И когда почти через год – летом 1919 года – я, мама и моя сестра уезжали в Петроград, я подарила Эйзенштейну «Образы Италии», совсем не думая о том, что через два года эта книга снова вернется ко мне, вернется с его надписью.
Сезон 1919/20 года был последним сезоном Театра музыкальной драмы в Петрограде. Мы уезжали в Москву. Здесь, в помещении бывшего театра Зимина, начался сезон 1920/21 года.
С фронта приехал Эйзенштейн. Он возмужал. Однажды мы встретились с Сергеем на концерте пианиста, лауреата премии Антона Рубинштейна – Владимира Зеленского. Он играл итальянский цикл Листа «Венеция и Неаполь»…
И снова в памяти возникли наши бесконечные разговоры об этой удивительной стране – Италии. Ее искусстве, театре, музыке…
– Я учусь сейчас у Мейерхольда… – неожиданно сказал Сергей.
Он говорил о театре Мейерхольда так взволнованно, словно это был тот самый театр, о котором он мечтал еще там, на фронте…
– И все же сердце мое рвется куда-то дальше… К такому искусству, где все можно было бы объединить в одно единое… Передо мной все чаще и чаще встает этот Великий немой – ты понимаешь, какие огромные, неизведанные возможности таит он в себе!
Я молчала. Говоря откровенно, в тот двадцать первый год я совсем не думала о кино. И, вероятно, потому не могла представить эти «огромные, неизведанные возможности», которые таил в себе Великий немой.
Двадцать первый год был для меня знаменательным: в мае я вышла замуж за Владимира Корниловича Зеленского – за того самого пианиста, на концерте которого мы были вместе с Эйзенштейном.

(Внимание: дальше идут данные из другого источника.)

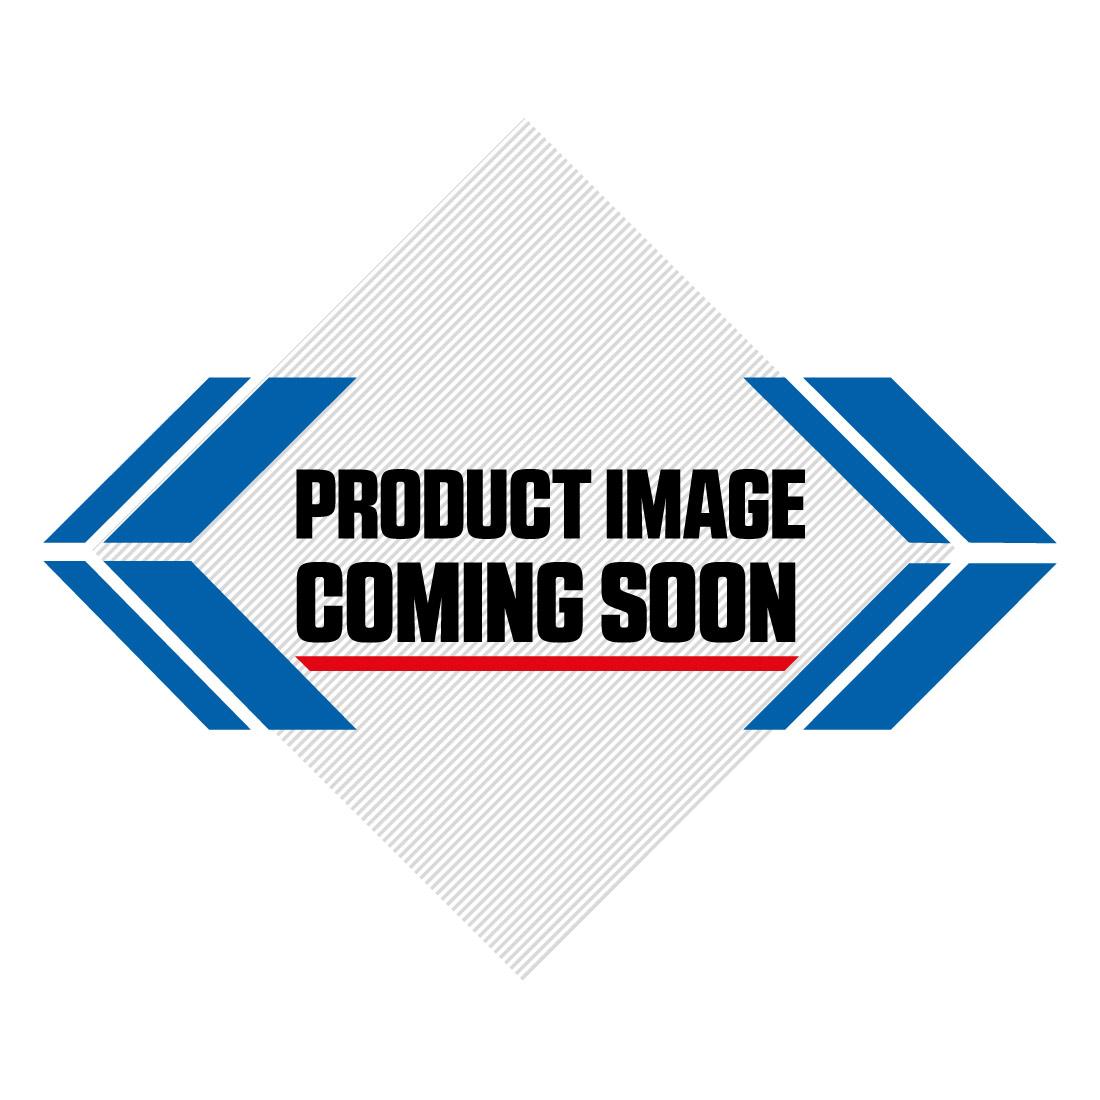 UFO Division Acqua Marina Motocross Kit Combo Image-2>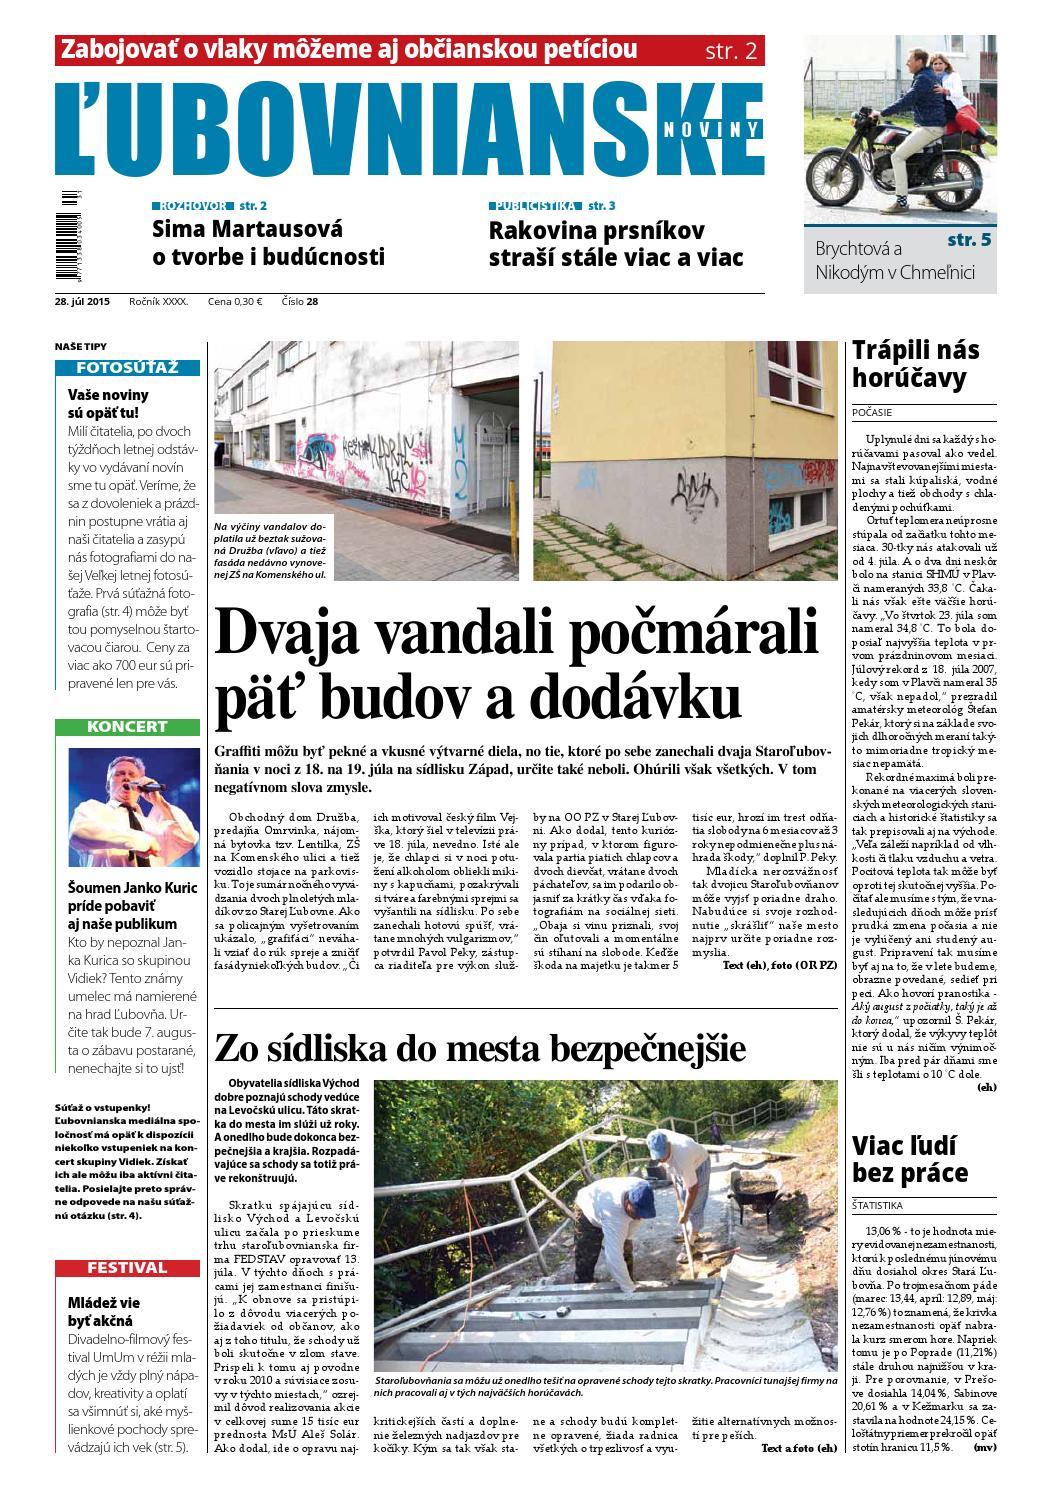 Ľubovnianske noviny č. 28 2015 by Vladimir Zima - issuu ab5619ca421

Венчались на Петровке. Пели два хора – Большого и Театра музыкальной драмы. Солировал Григорий Пирогов… Шафером моим был Сергей. Он согласился стать им, конечно, больше потому, что ему самому захотелось испытать это мистическое действо… Он настолько увлекся окружающим, что забыл о своих обязанностях. Когда мой будущий муж взглянул на меня, он – вместо моего лица – увидел судорожно вцепившиеся в венец руки Эйзенштейна.
Обменяв на знаменитой «Трубе» [36]36
Трубный рынок в Москве.
[Закрыть]подвенечное платье на буханку хлеба, пригласив друзей, мы с Владимиром Корниловичем отпраздновали свою свадьбу. Стол, на котором стояли чайник с кипятком и тарелка с хлебом, украсил пакетик сахарина, невесть откуда добытый Эйзенштейном. Вместе с этим «свадебным даром» он подарил мне – когда-то подаренную ему – мою любимую книгу «Образы Италии». На форзаце он сделал надпись:
«Любезной М. П. Ждан-Пушкиной, отныне Зеленской. Да заполнится этими образами непроизвольный антракт между сегодняшним радостным событием и свадебным путешествием в эту самую Италию («Останкина подалее»), куда не откажите взять меня с собой на запятки Вашей дорожной кареты.
Сер. Эйзенштейн.
Москва, 15 мая 1921 года».
Он читал свое посвящение торжественно, приподнято… Прочитав, он неожиданно сделал тот, знакомый, подчеркнутый реверанс, – и вручил книгу.
Нина Зайцева
В Великих Луках
Осенью 1919 года я приехала из Пскова в город Великие Луки Псковской губернии, куда перевели филиал статистического бюро, где я работала в качестве статистика. Я приехала к своим родственникам на Круглую улицу, дом № 15. Дядя моего отца Н. П. Вавилов и его жена Варвара Александровна жили в собственном двухэтажном доме и, так как не имели детей, сдавали комнаты. Случайно, на улице я встретила В. Дмитриева с братом. Они работали в военном строительстве вместе с С. М. Эйзенштейном и В. М. Зайцевым.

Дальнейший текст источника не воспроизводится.